Изгард тепло улыбнулся писцу; он и сам растрогался.

— Давай же вернемся в те славные дни. Подумай, только мы трое! Вспомни наши споры. А книги, которые мы глотали! А узы любви, дружбы, взаимных обязательств! — Кожа Эдериуса была мягкая — и горячая в том месте, куда пришелся удар. Изгард с наслаждением ощущал под рукой нежную старческую кожу. Прикосновения вообще очень много значили для него. — Ты тоже скучаешь по добрым старым временам, Эдериус? Тебе тоже недостает Гэмберона?
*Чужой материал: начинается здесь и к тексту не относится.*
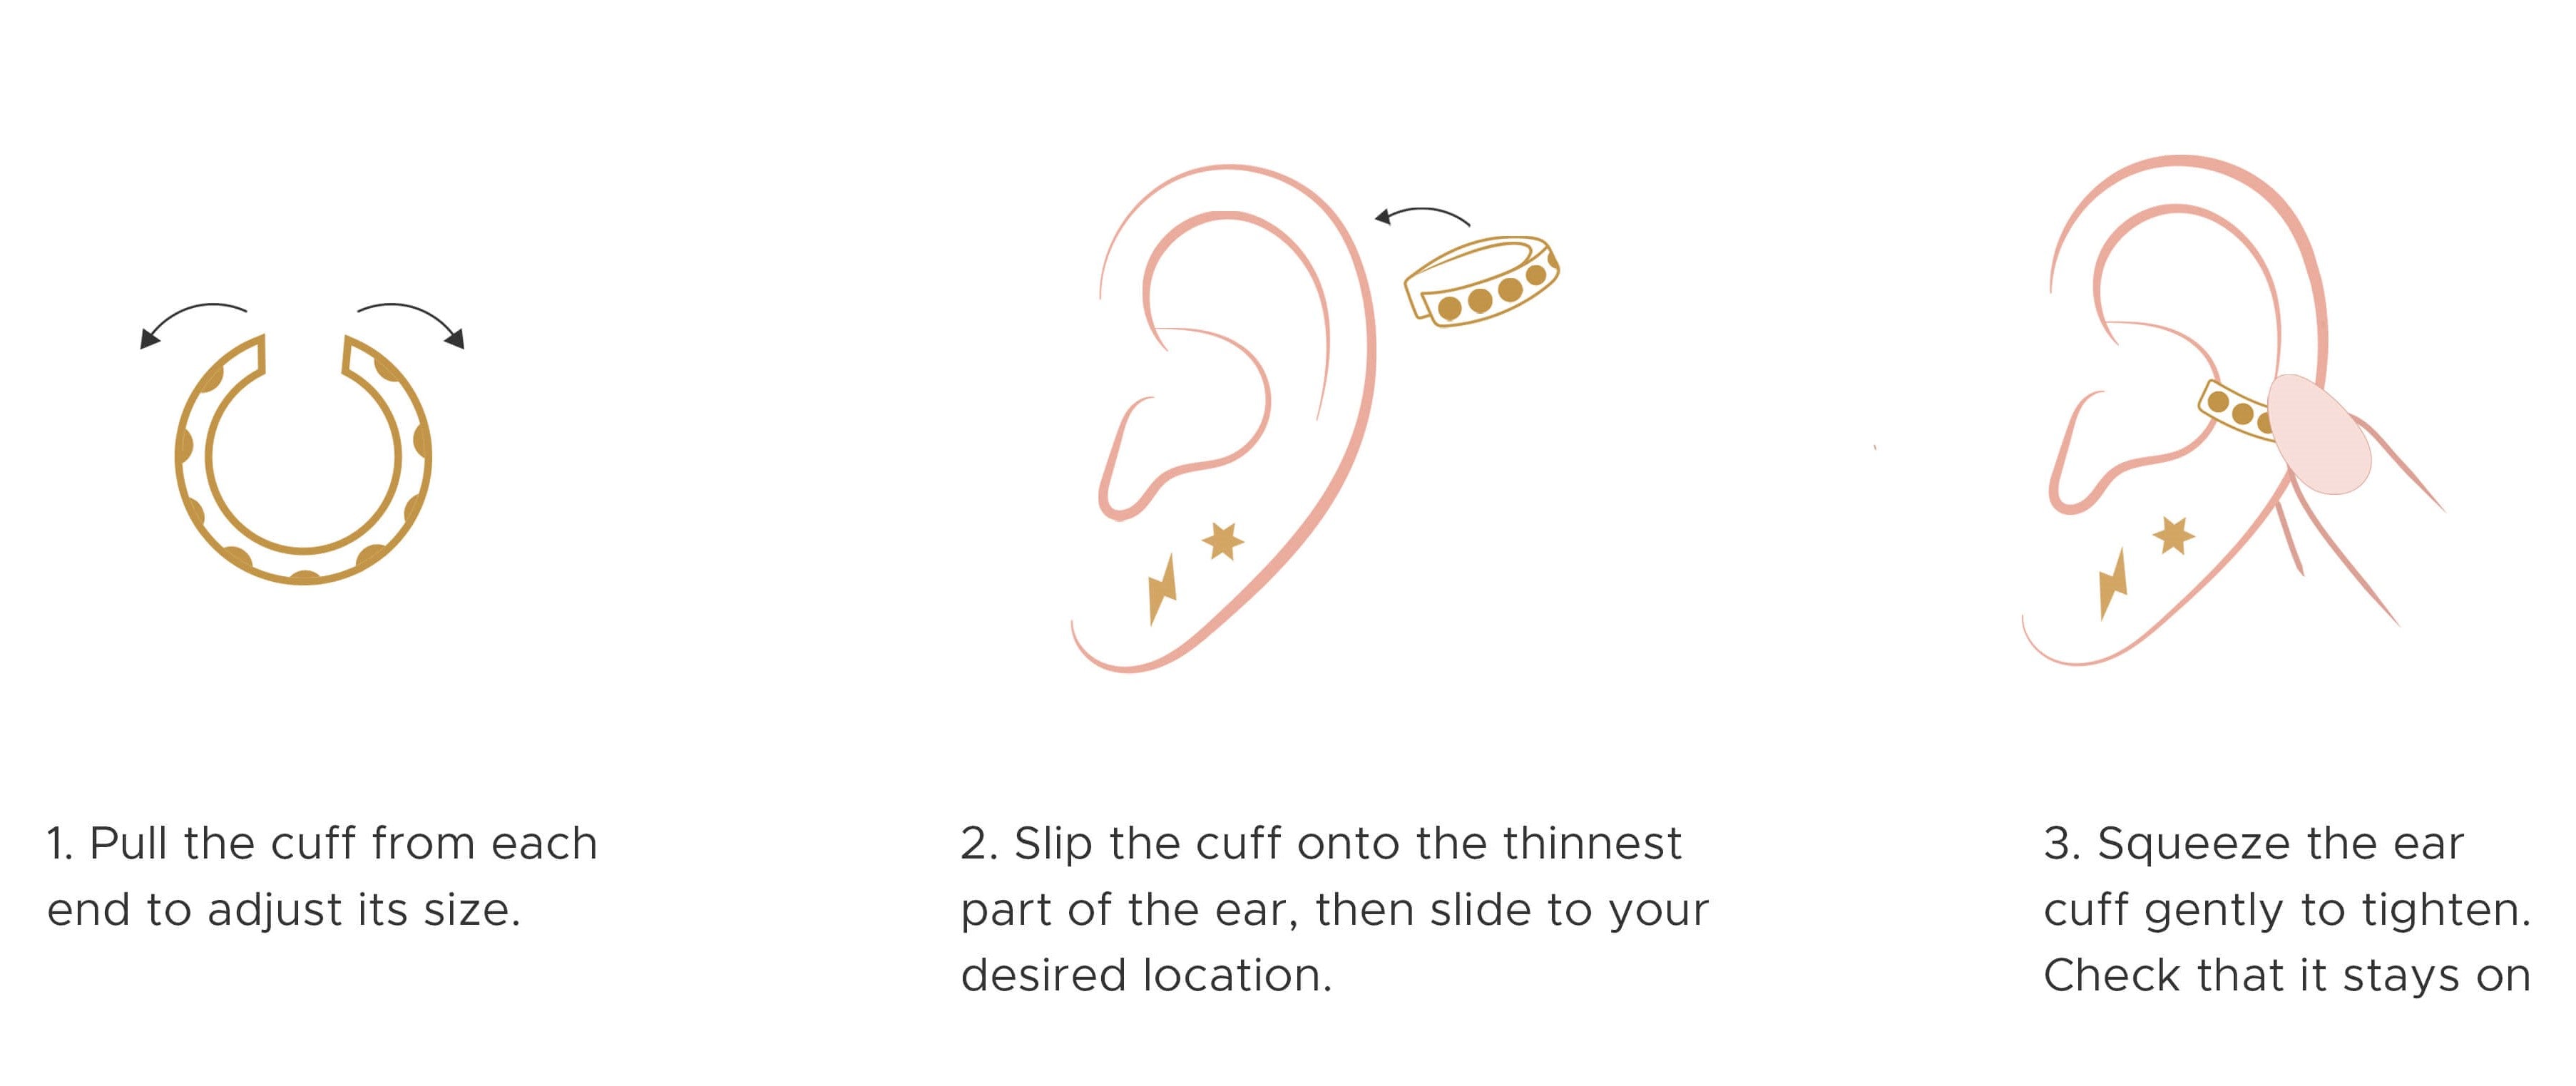 How to wear Ear Cuffs

Вопросы Изгарда достигли цели. Сковавшие писца чары ослабли. Эдериус пошевелился — и на сей раз не отшатнулся от своего короля, а, наоборот, подался ему навстречу:

— Да, я скучаю по тем дням. Передать не могу, как мне недостает Гэмберона.

Глаза узорщика были блестящими от слез. Изгард почувствовал, что сам вот-вот расплачется, и сжал челюсти. На скулах короля перекатывались желваки.

— Гэмберон не должен был умирать. Не должен был идти против меня.

Из глаз Эдериуса хлынули слезы, соленая влага смочила пальцы Изгарда. Прохладные слезы и горячая кожа — потрясающее ощущение! Возможно, потому, что король был лишен одного из пяти чувств, он так высоко ценил то, что давали остальные. Под кончиками пальцев ему открывался целый мир волшебной красоты: биение пульса, ни с чем не сравнимая фактура старческой кожи, боль от ожога, если задеть рукой пламя свечи... Порой Изгарду казалось, что он все же не лишен вкусовых ощущений — просто органы для их восприятия у него находятся не на языке, а на кончиках пальцев.

Эдериус покачал головой и прижался мокрой щекой к руке Изгарда.

— Гэмберон не должен был делать то, что сделал. Он действовал поспешно, необдуманно... Ему следовало сперва поделиться своими опасениями с вами.

Изгард наклонился и запечатлел поцелуй на лбу писца. До сих пор старик хитрил и увиливал, но сейчас он говорил искренне. Гэмберон должен был прийти к нему. Должен был поделиться опасениями насчет Венца со своим хозяином и другом, с которым его связывала клятва верности. А вместо этого он явился в Сирабеюс, где она пятьдесят лет хранилась у сестер монастыря мученика Эхлиса, и попытался разломать ее. Изгард настиг его темной ночью, в бурю, в лиге к востоку от монастыря. К тому времени шипы Венца искололи и разорвали в клочья кожу на руках и груди Гэмберона, выдавили дерзкому глаз, буквально искромсали его.